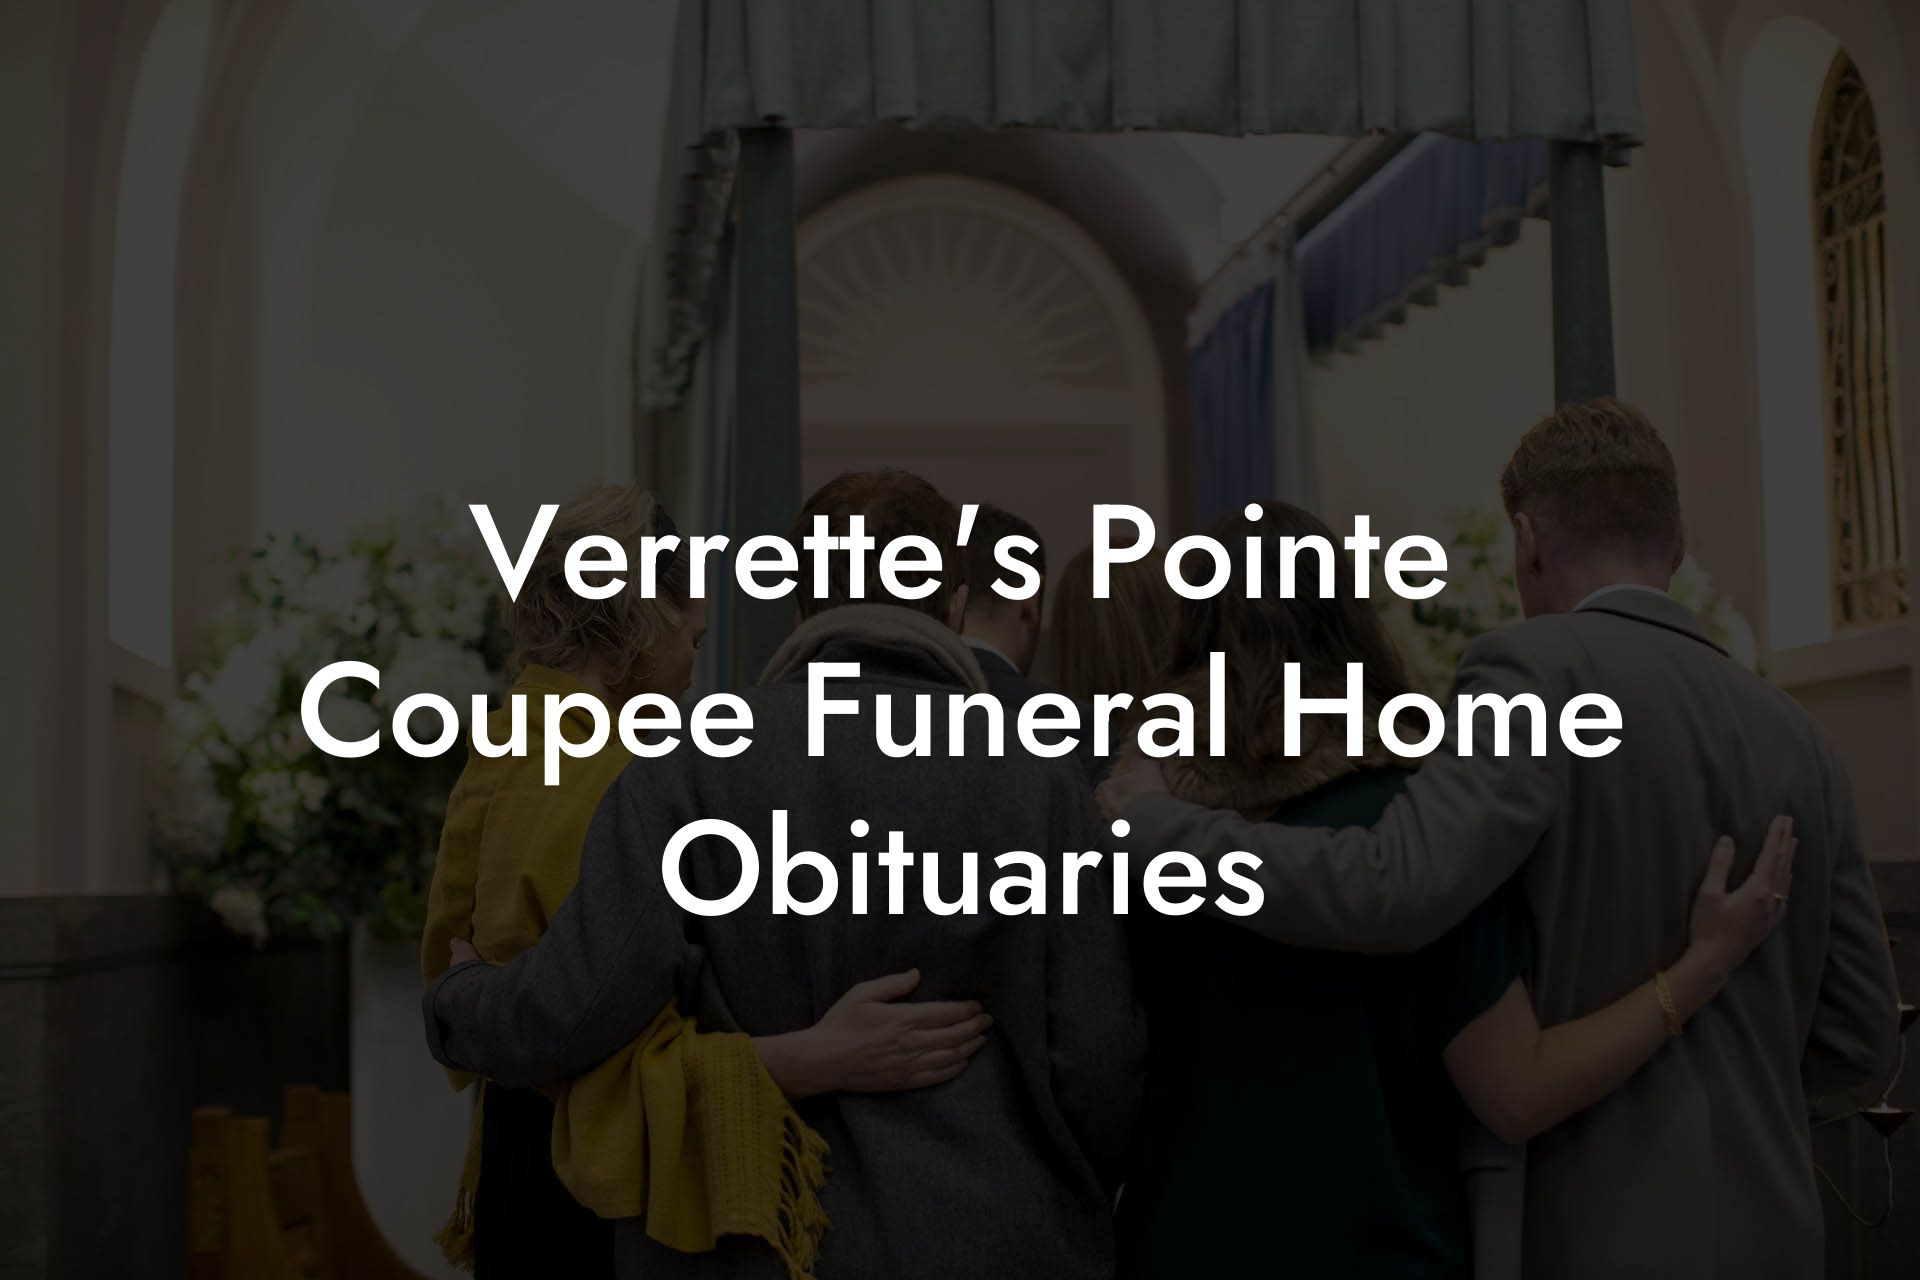 Verrette's Pointe Coupee Funeral Home Obituaries
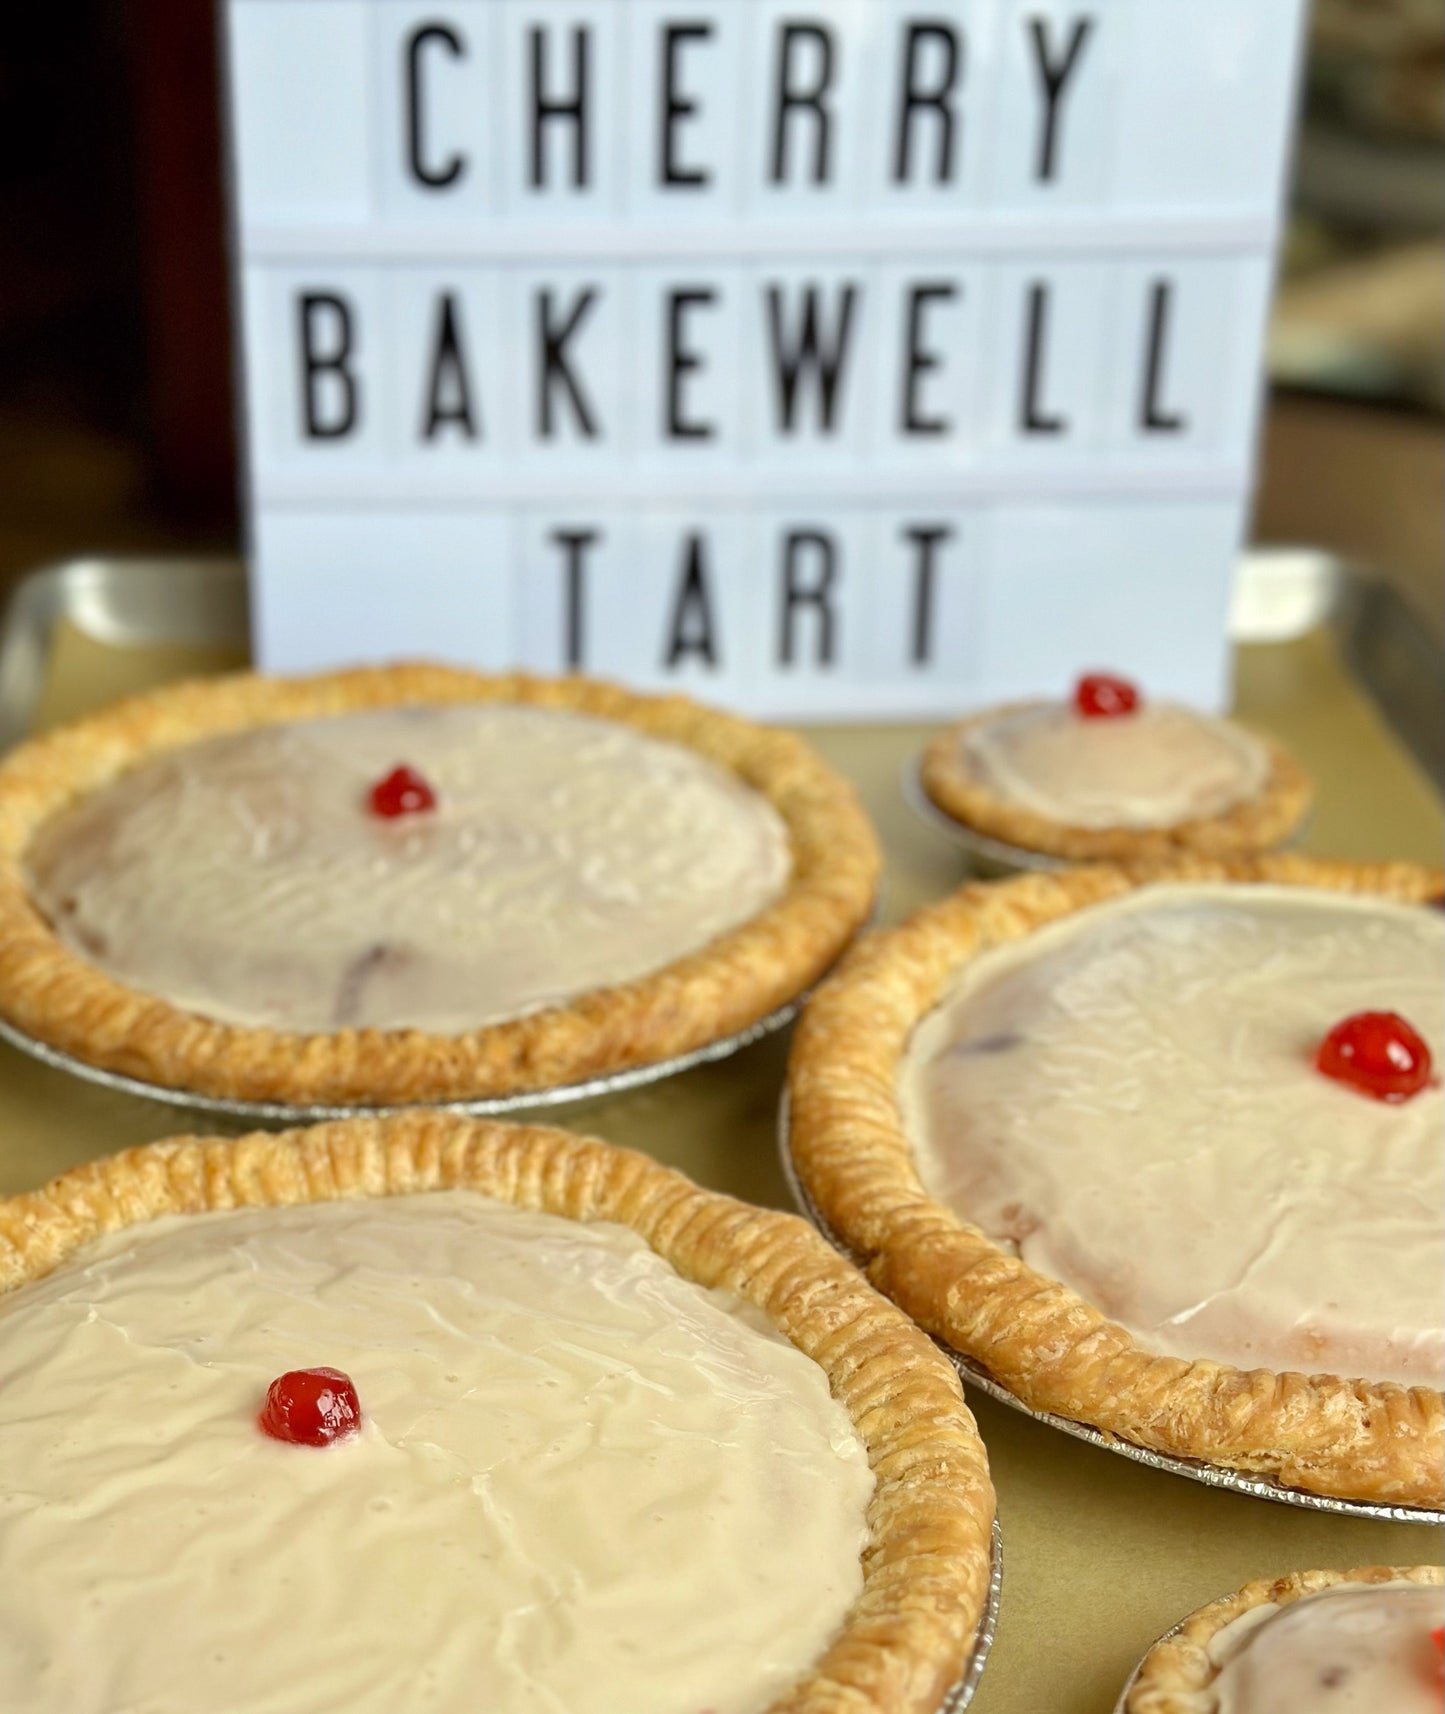 Pie - Cherry Bakewell Tart with Lemon Glaze - 10”
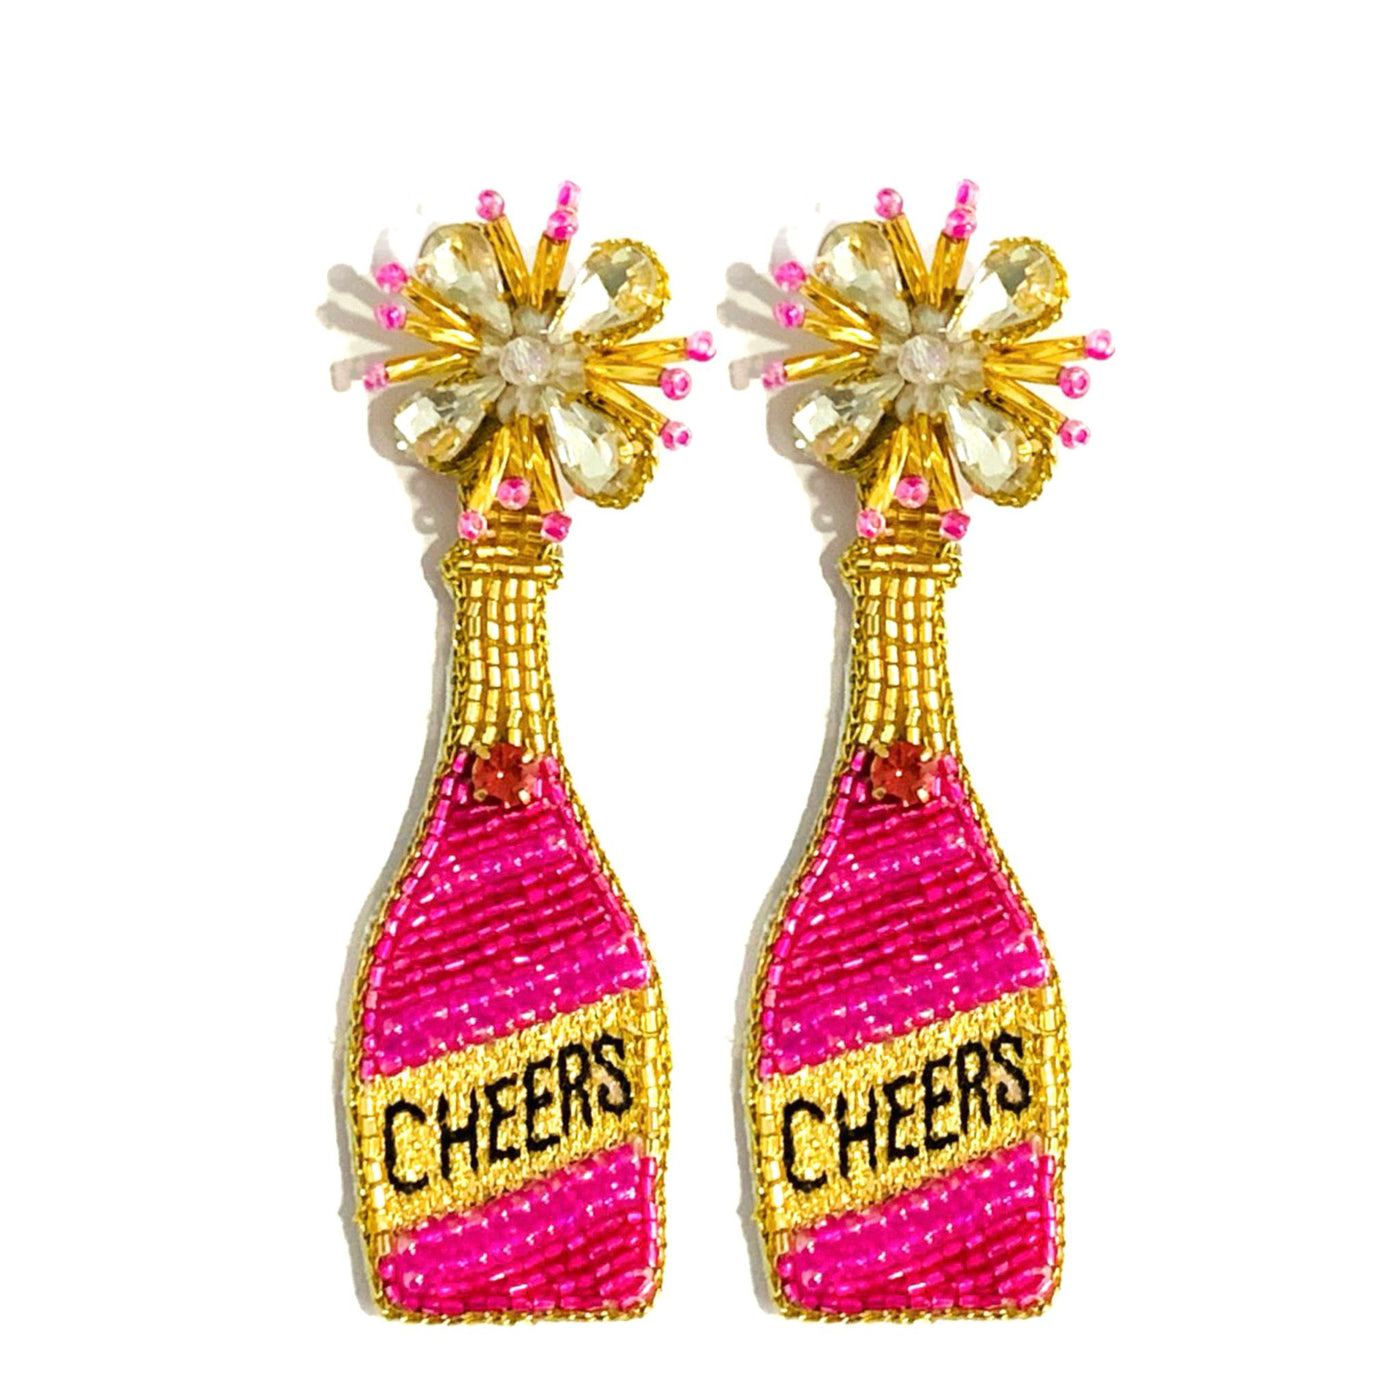 Cheers Champagne Bottle Earrings

- **WHAT TO WORK ON**
Reproduce the data exactly as it appears above. Pictures are to be left out.

- **TASK OUTPUT**
 Verrette's Pointe Coupee Funeral Home Obituaries
 Pie - Cherry Bakewell Tart with Lemon Glaze - 10”
 Cheers Champagne Bottle Earrings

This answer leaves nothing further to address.